Pero ya en casa, agarré un rebote guapo que removió mis adentros, y a partir de aquello, decidí sacarle jugo al esqueleto. Ropa ajustada a tope y provocativa, colores chillones, melena teñida a juego con labios reventones y chupa de cuero. ¡Una petarda de manual! Y comencé a oír de todo en la calle: Ardientes requiebros envenenados, piropos de andamio como Dios manda, palabras mayores no aptas para menores y algunas frasecitas de buen rollo, pero las menos.

Y resultó que al poco del cambio muchos estaban pendientes de si entraba, si salía, si hacía o si deshacía, y yo controlando el tempo como una reinona. Hábilmente los manejaba para que me acompañaran al cine, a pasear a media tarde, y de vez en cuando a tomar unas tortitas con nata que eran mi perdición. De lo otro que siempre perseguían y tanto les privaba, sólo la prueba y nada más, para que no se aficionaran al peligroso buceo sin escafandra.

Y en esto llegó la carta de fin de año, eso sí, con algunas escamitas pegadas al papel, que hasta las olió el perro. ¿Qué habrá estado tocando éste? pensé. Pero de nuevo me contuve.

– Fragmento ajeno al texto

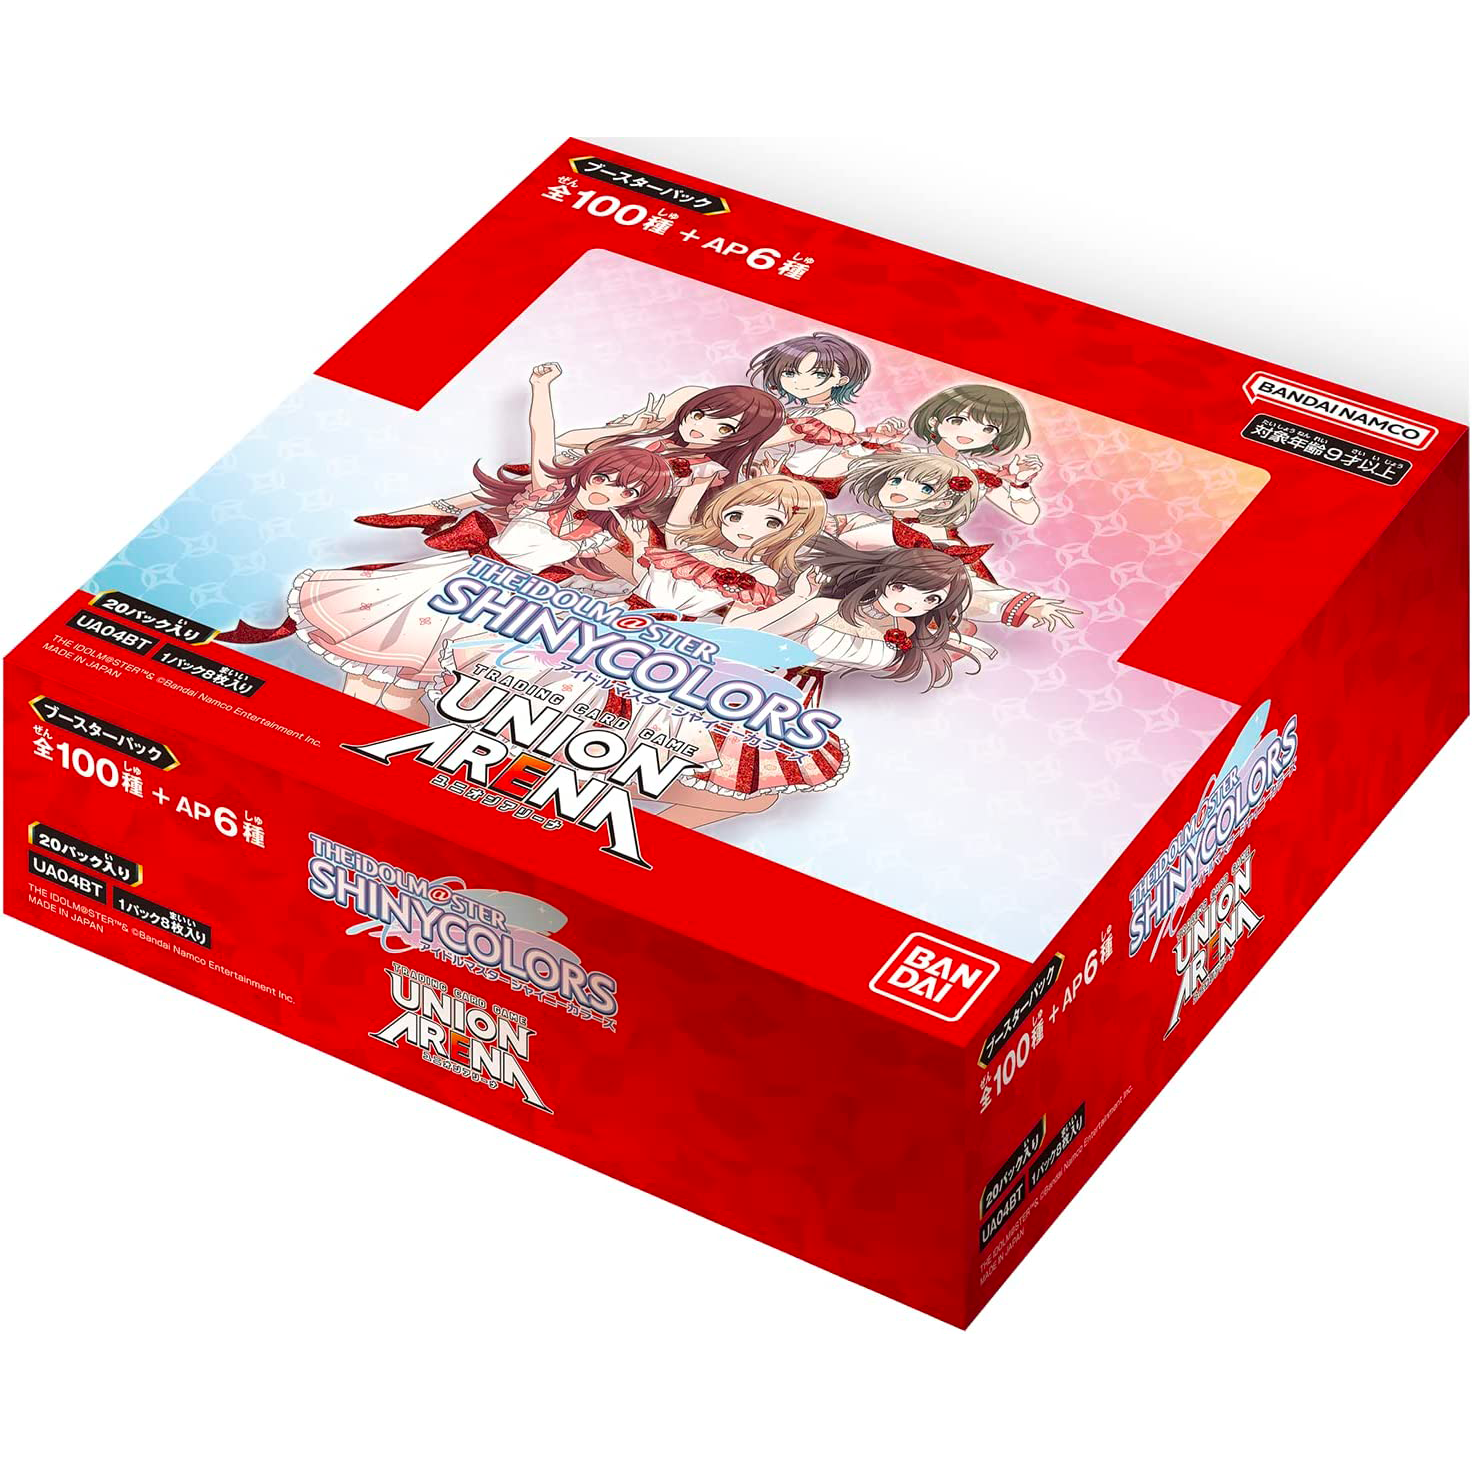 TRADING CARD GAME UNION ARENA [UA04BT] THE IDOLM@STER SHINYCOLORS - Box
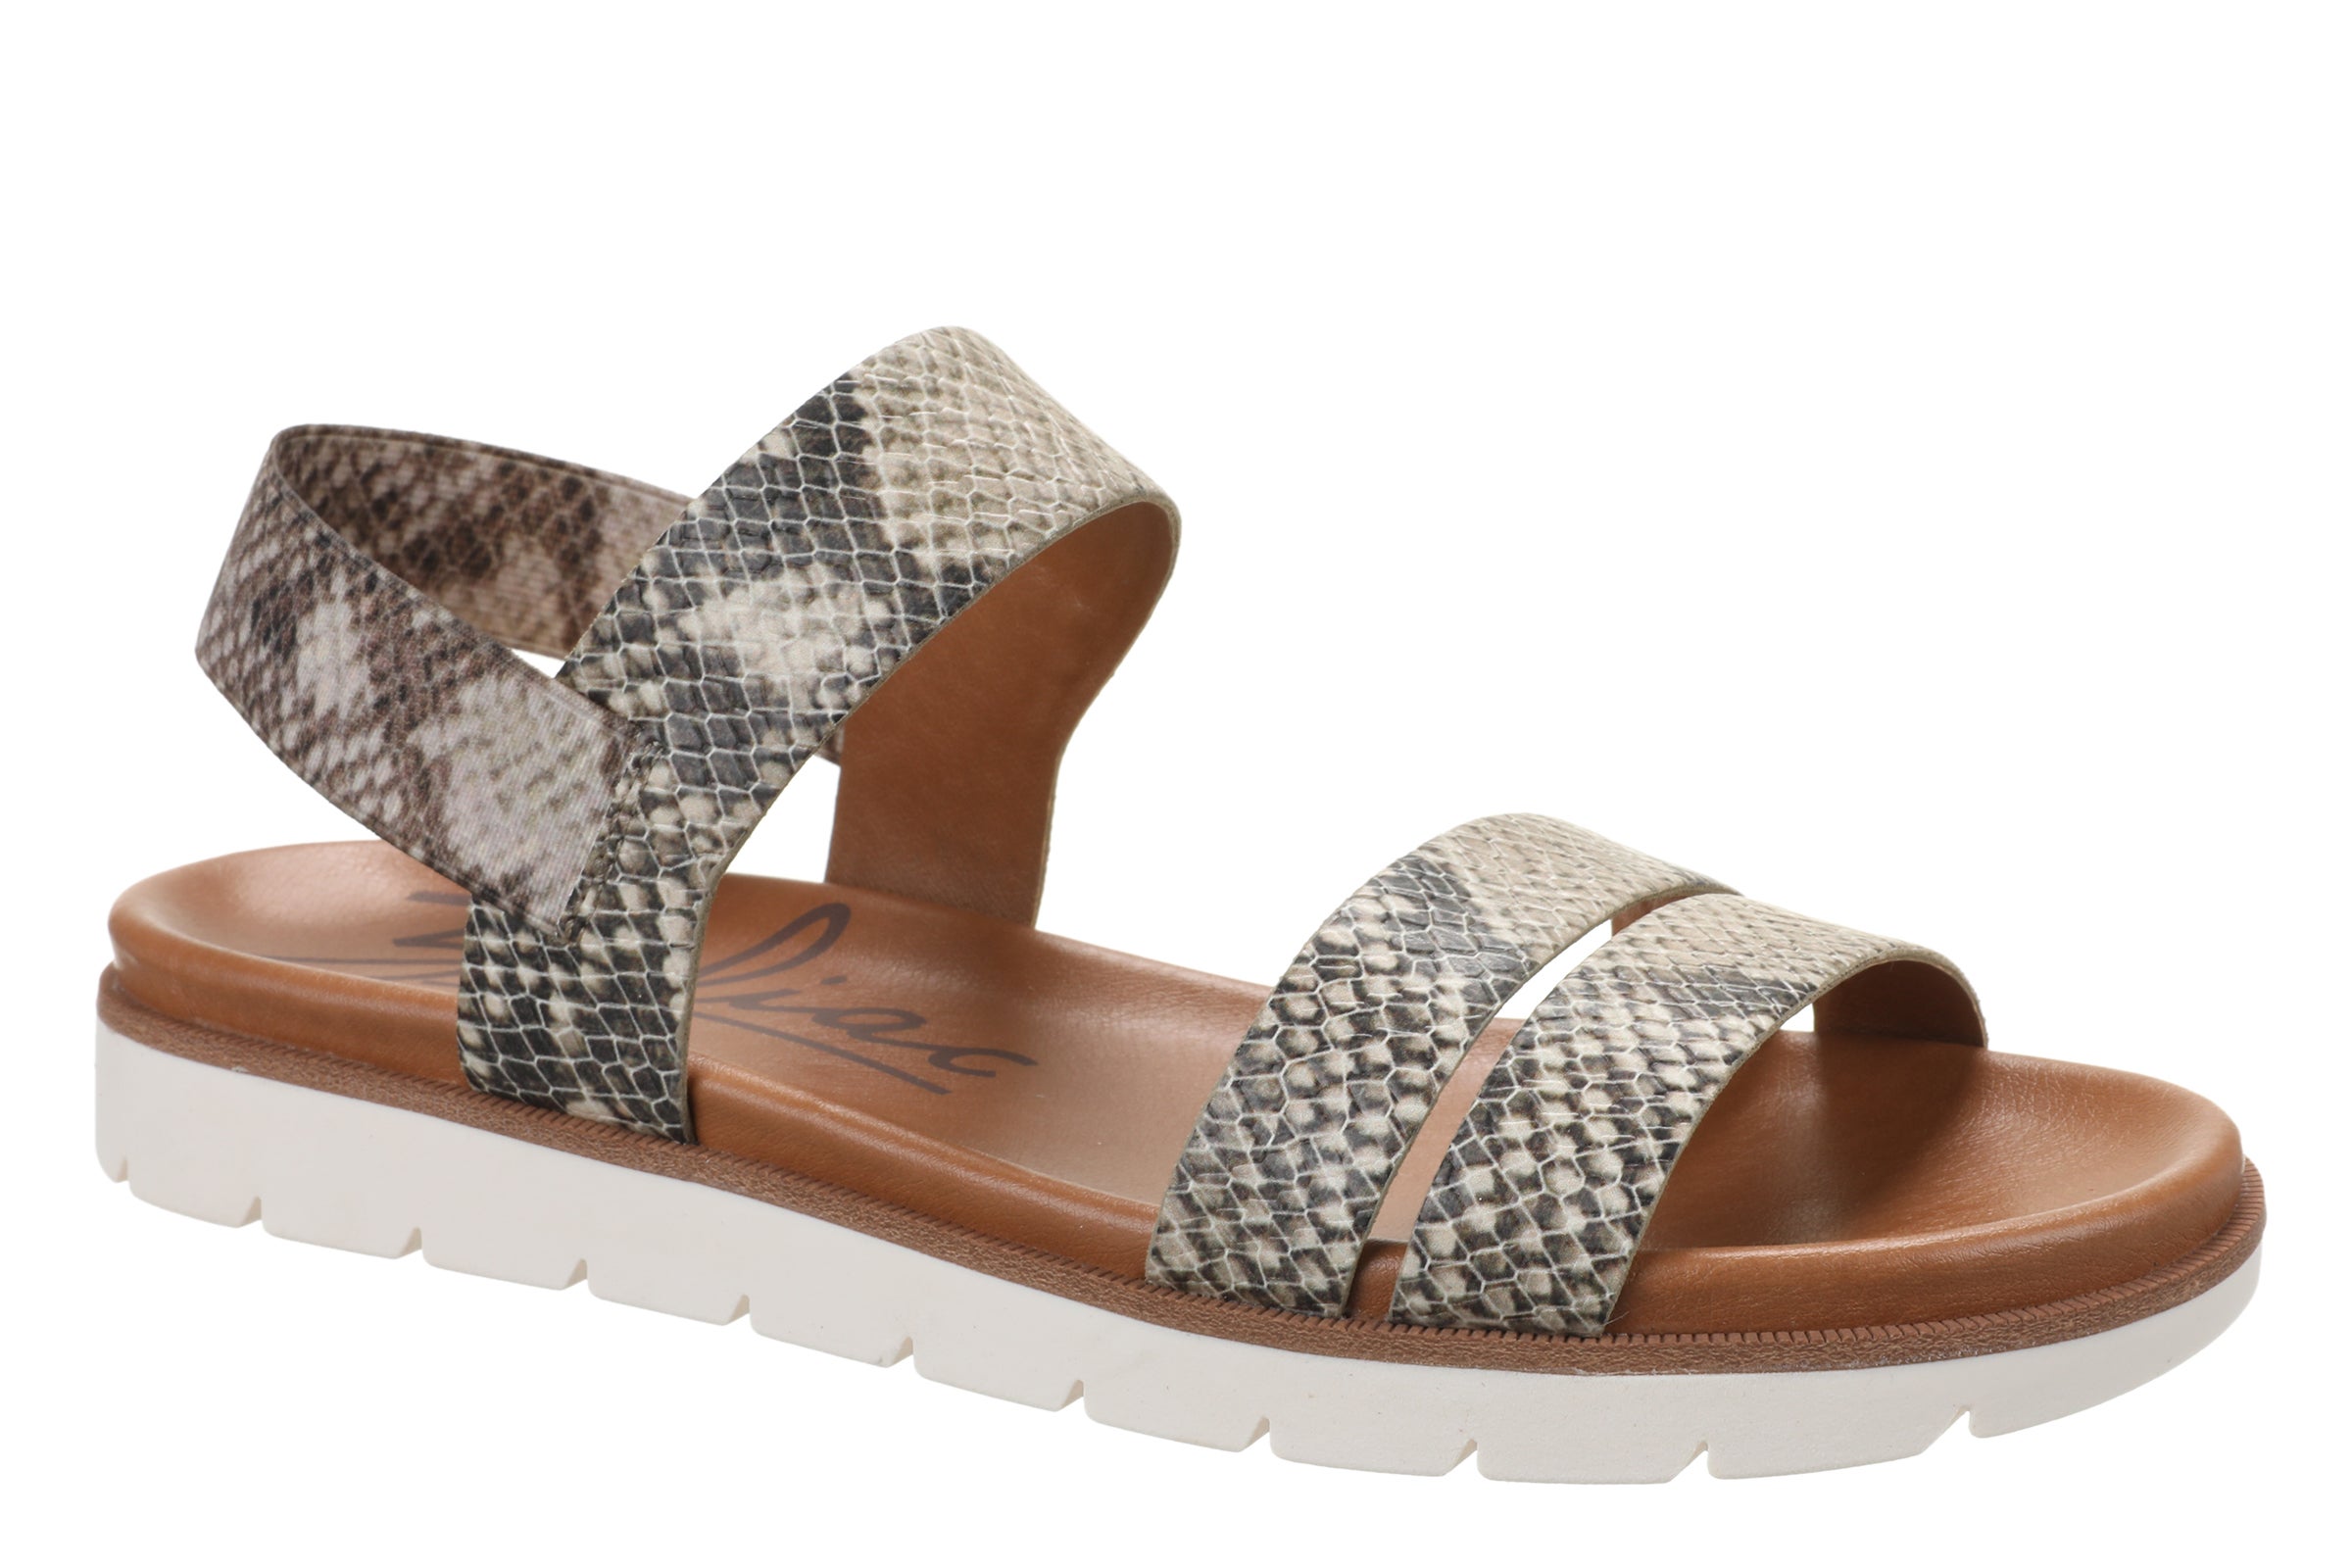 These Are The 8 Best Sandals For Summer 2021 | Essence

Hemos encontrado el paraíso, te quiero a mi lado tía, y con lo que hemos trincado con las batallitas compraremos una casa con vistas a nuestro mar. Los aborígenes llaman al lugar por un nombre extraño, Lloret de Mar, o algo parecido, y está lleno de sirenas sin cola ni escamas, que dicen ser rusas.

No lo pensé dos veces, tiré al pozo los manuales de Aprenda a tejer en casa, editados por CEAC, todas las madejas de colores y media docena de agujas y me puse la falda más corta que tenía en el ropero. Me embutí en unos pantis rojos llamativos a tope, y subida a las plataformas de Drag Queen, marché corriendo a casa de mi suegra para decirle:

—Señora, ¡que me las piro! Lo suyo no ha sido un placer, ha sido un Via crucis.

Puso el grito en el cielo y mirándome de arriba abajo, me dedico una colección de lindezas: Golfa, descarada, putón verbenero, y otras que no merecía ni quise oír.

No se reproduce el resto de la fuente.